The frail 89-year-old arrived in Germany on Tuesday morning after being deported from the US.
He is now in Stadelheim prison, say prosecutors, where he will undergo a medical check and then have his pages-long arrest warrant read out to him.
He denies accusations that he worked as a guard in the Sobibor Nazi death camp.
Mr Demjanjuk, who settled in the US in 1952, says he was captured by the Germans in his native Ukraine during the war and kept as a prisoner of war.
US agents on Monday removed him from his family home in Ohio, and he was placed aboard a private jet which touched down at Munich airport on Tuesday morning.
He has been fighting deportation since charges were levelled against him in March, arguing that he is too frail to be moved.
But the US government, which secretly shot footage showing him walking without assistance, argued he was fit to travel.

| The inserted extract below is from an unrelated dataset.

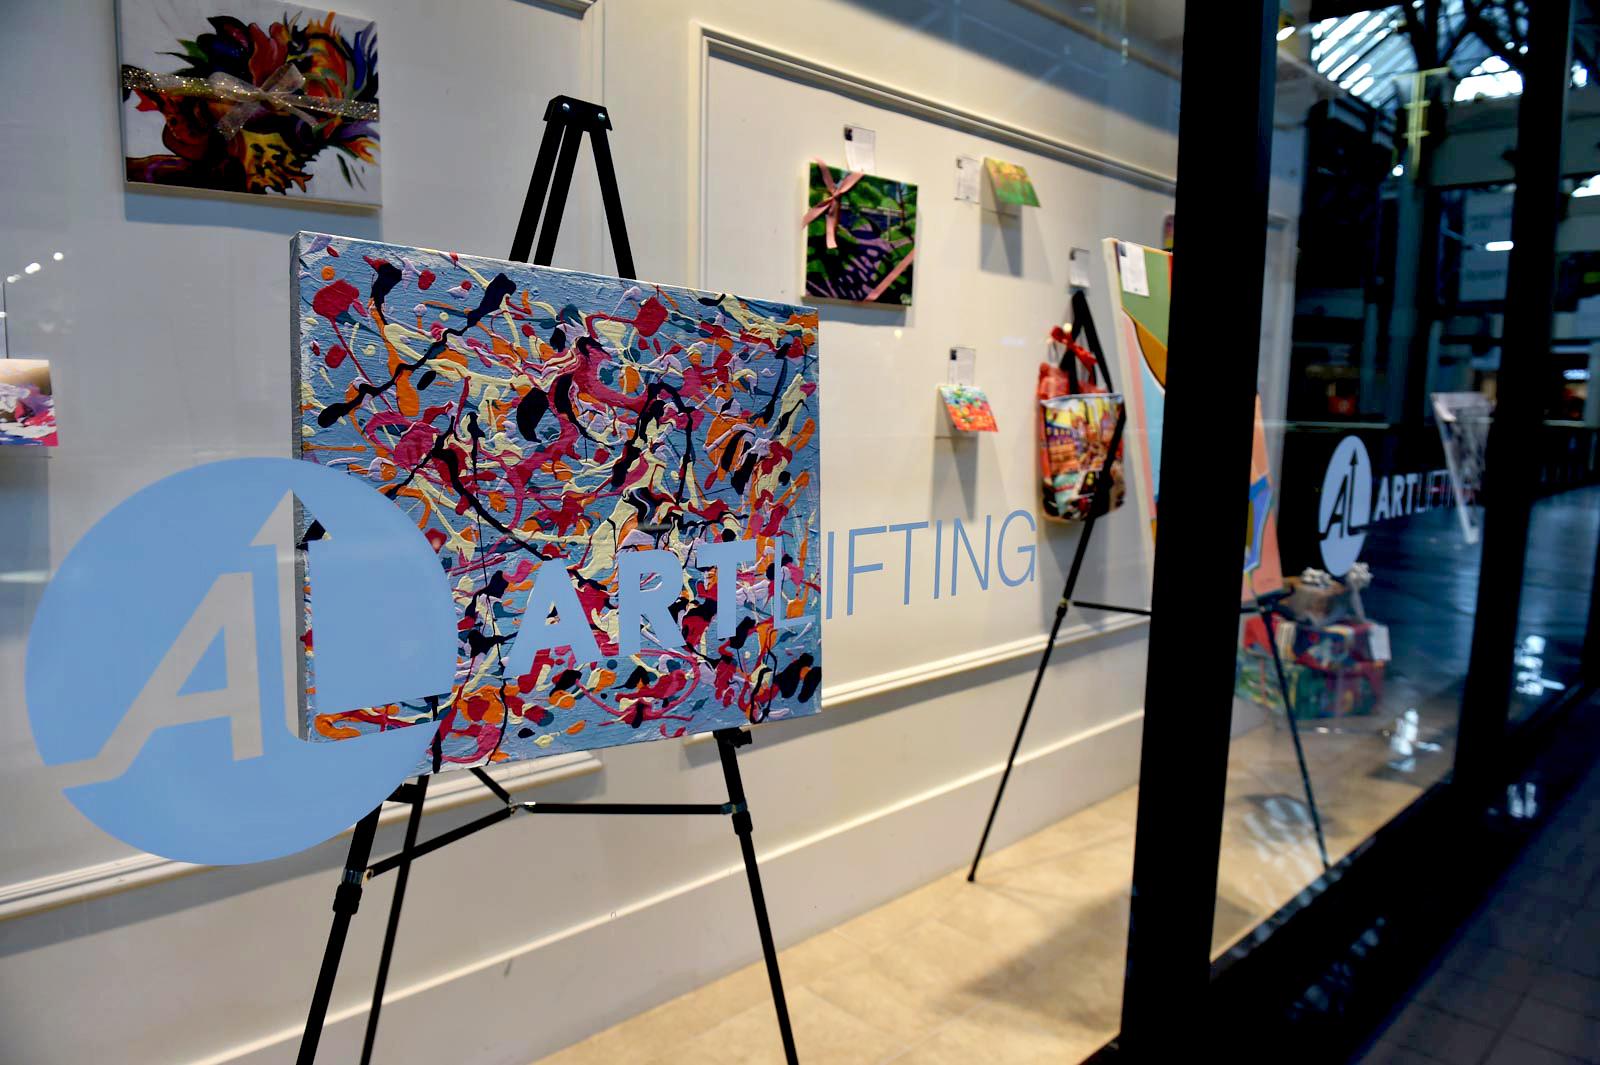 Artlifting_MaddieMalhotra_online
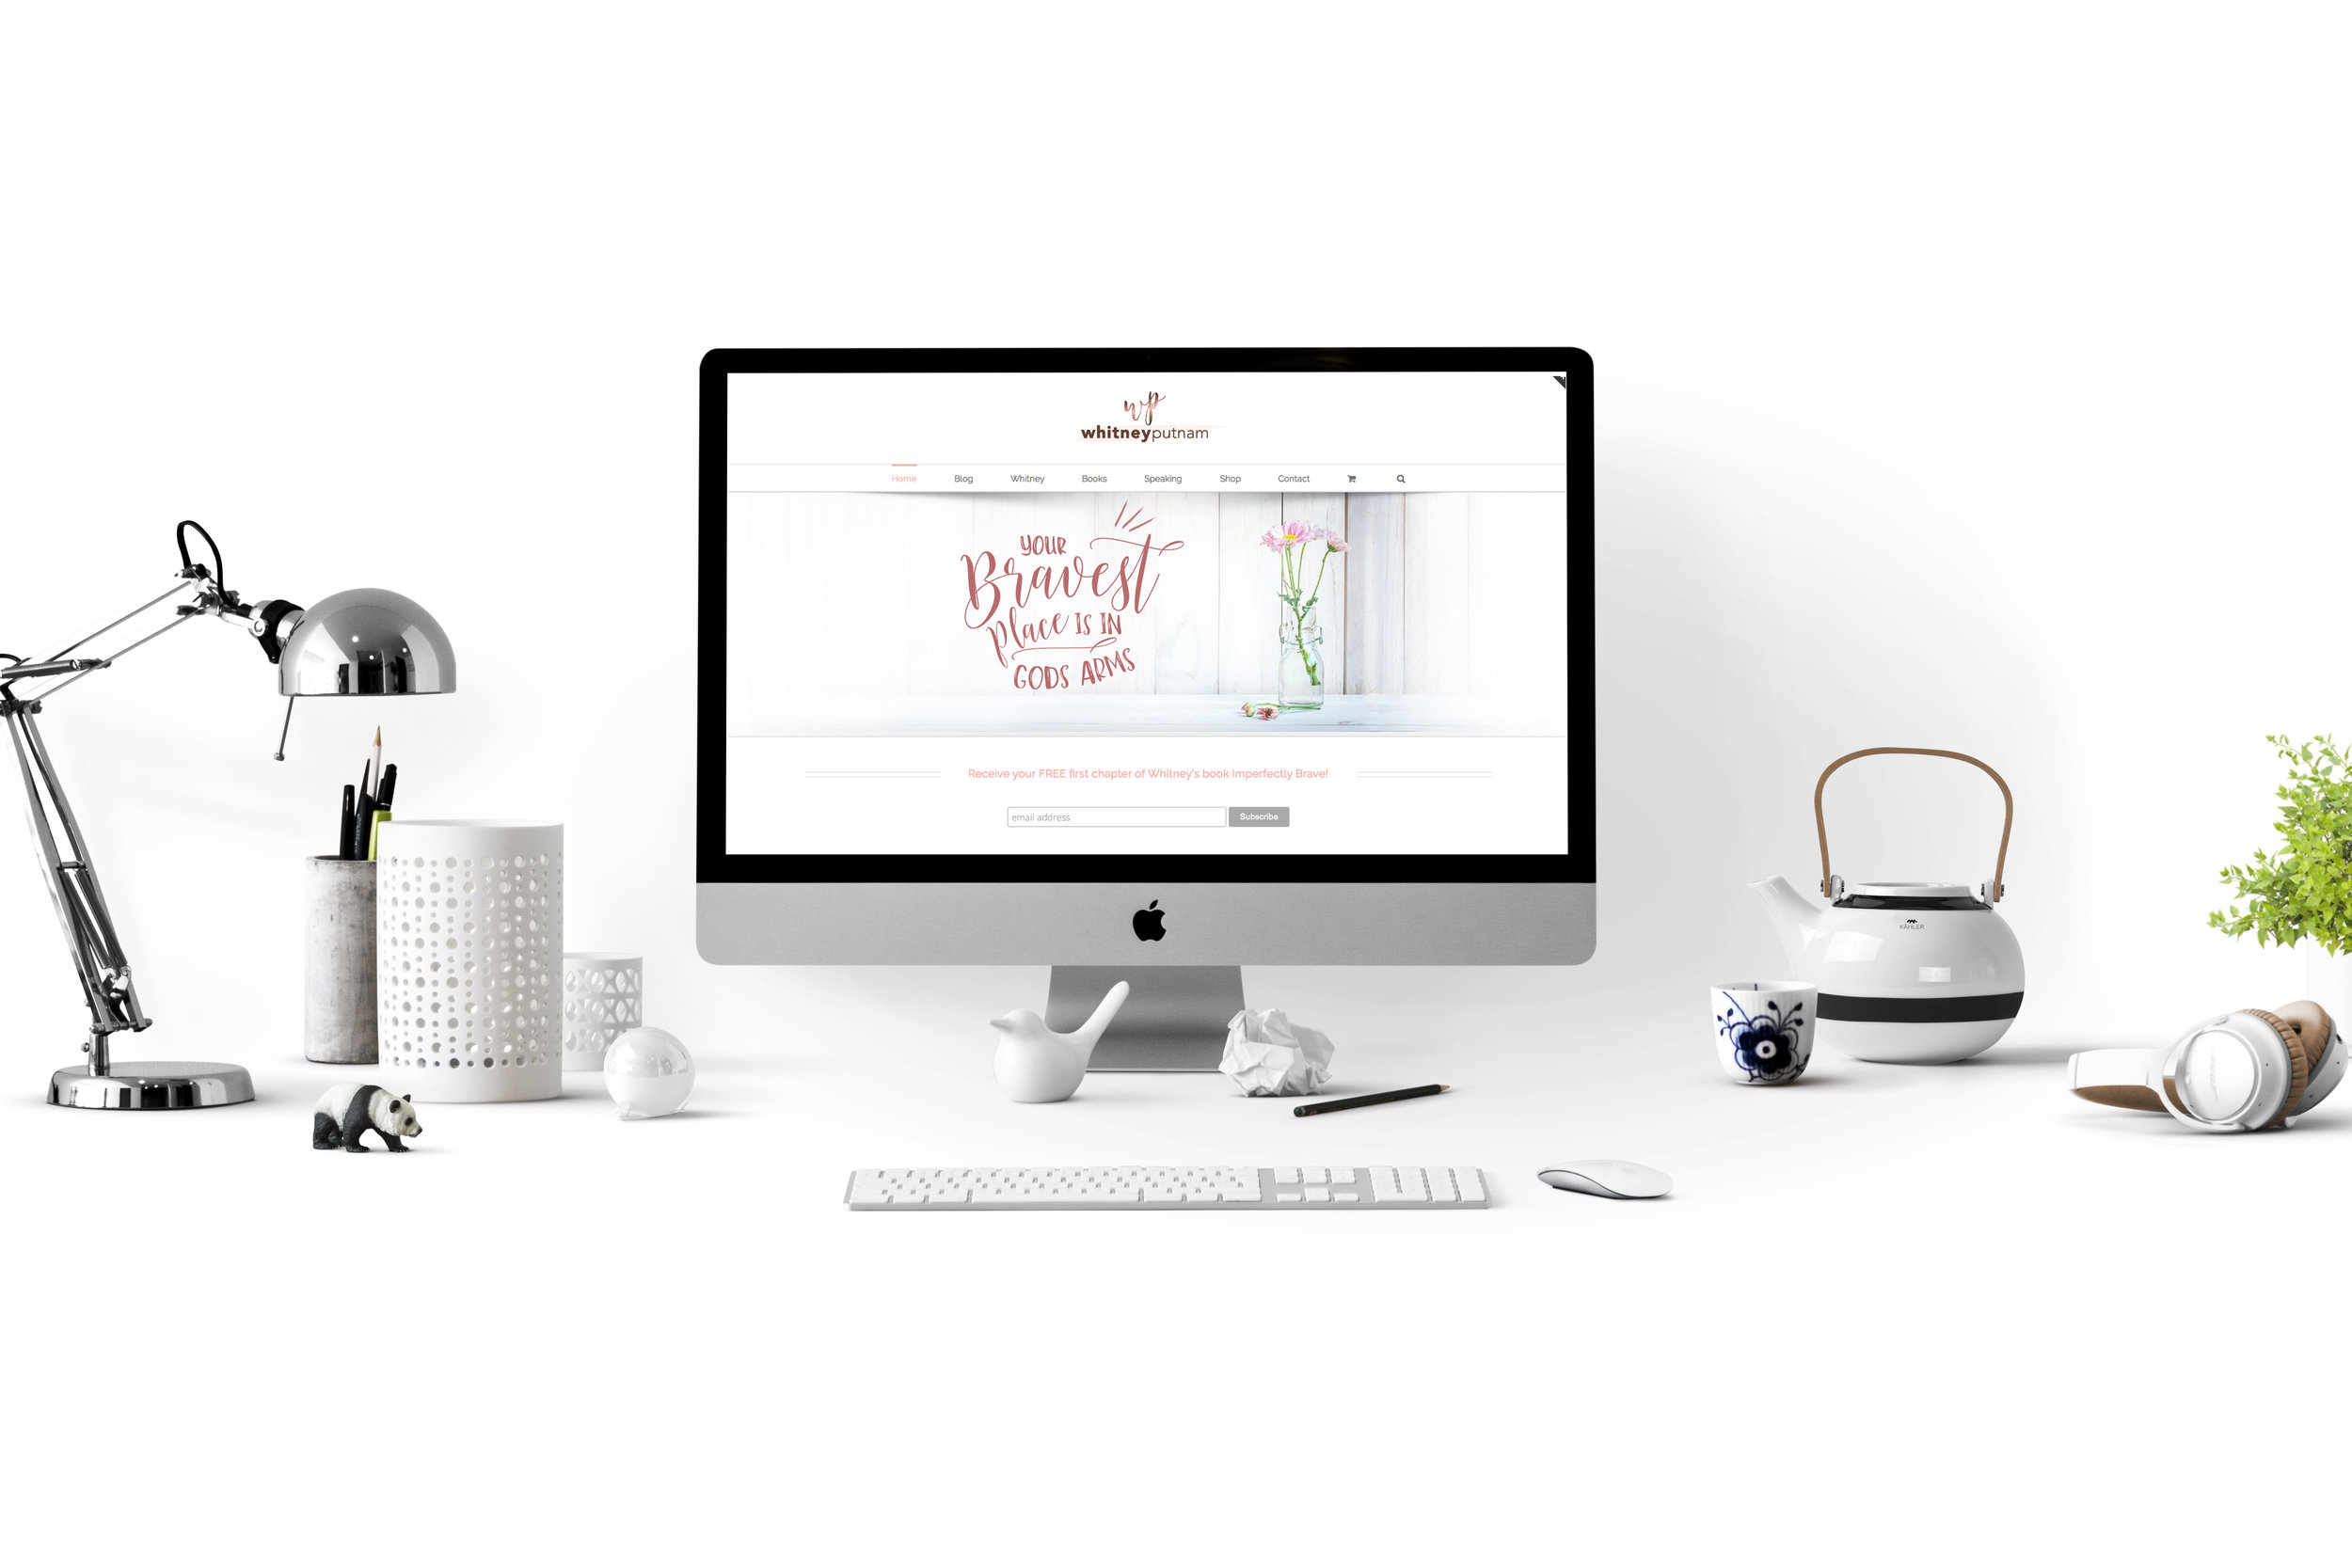 Whitney putnam web desktop.jpg

An appeals court ruled that the removal could go ahead, saying it was satisfied that Mr Demjanjuk would be provided with adequate care.
‘Say nothing’
A spokesman for Munich prosecutors said Mr Demjanjuk had arrived at the Stadelheim prison, where he will stay in the medical unit.
He will first undergo a medical test to ascertain if he is fit to stand trial.
Mr Demjanjuk’s lawyer, Guenter Maull, said a duty judge would then open an arrest warrant against his client. The warrant, thought to be 21 pages long, would be read to his client in full in the presence of a translator.
Mr Maull said he would advise his client not to answer questions.
“I will put pressure on him not to say anything, because we need to talk in peace first and digest everything that is in the arrest warrant.
“It does not have to be correct just because it is written there,” he said.
Prosecutors, however, say they have documents which prove his Nazi background, including an SS identity card which shows he was posted to the death camp in Sobibor in 1943 and many witness testimonies.
Mr Demjanjuk’s deportation was welcomed by observers.
Wolfgang Benz, head of the Centre for Anti-Semitism Research at Berlin university, said the case was about establishing whether Mr Demjanjuk was guilty, not exacting punishment.
“This is about guilt, about avenging a crime, about responsibility for a criminal act,” he told told Deutschlandfunk public radio.
“Whether this old man who possibly is in a pathetic state spends his last years in a prison hospital or does not serve his sentence due to ill health, that’s of secondary importance.”
That opinion was echoed by Stephan Kramer, general secretary of the Central Consistory of Jews in Germany.
“I am not as naive as to believe that he [Demjanjuk] will spend even one day in prison. But we will get a discussion about justice in post-war Germany and how the justice system has dealt with Nazi crimes,” he was quoted as saying.
Citizenship stripped
Mr Demjanjuk arrived in the US in 1952 as a refugee, settling in Cleveland, Ohio, where he worked in the car industry.
In 1988 he was sentenced to death in Israel for crimes against humanity after Holocaust survivors identified him as the notorious “Ivan the Terrible”, a guard at the Treblinka death camp.
But Israel’s highest court later overturned his sentence, after documents from the former Soviet Union indicated that “Ivan the Terrible” had probably been a different man.
Mr Demjanjuk returned to the US, but in 2002 had his US citizenship stripped because of his failure to disclose his work at Nazi camps when he first arrived as a refugee.
In 2005, a US immigration judge ruled that he could be deported to Germany, Poland or Ukraine.
And in March 2009, prosecutors in Munich issued a warrant for his arrest, accusing him of being an accessory in the deaths of 29,000 Jews.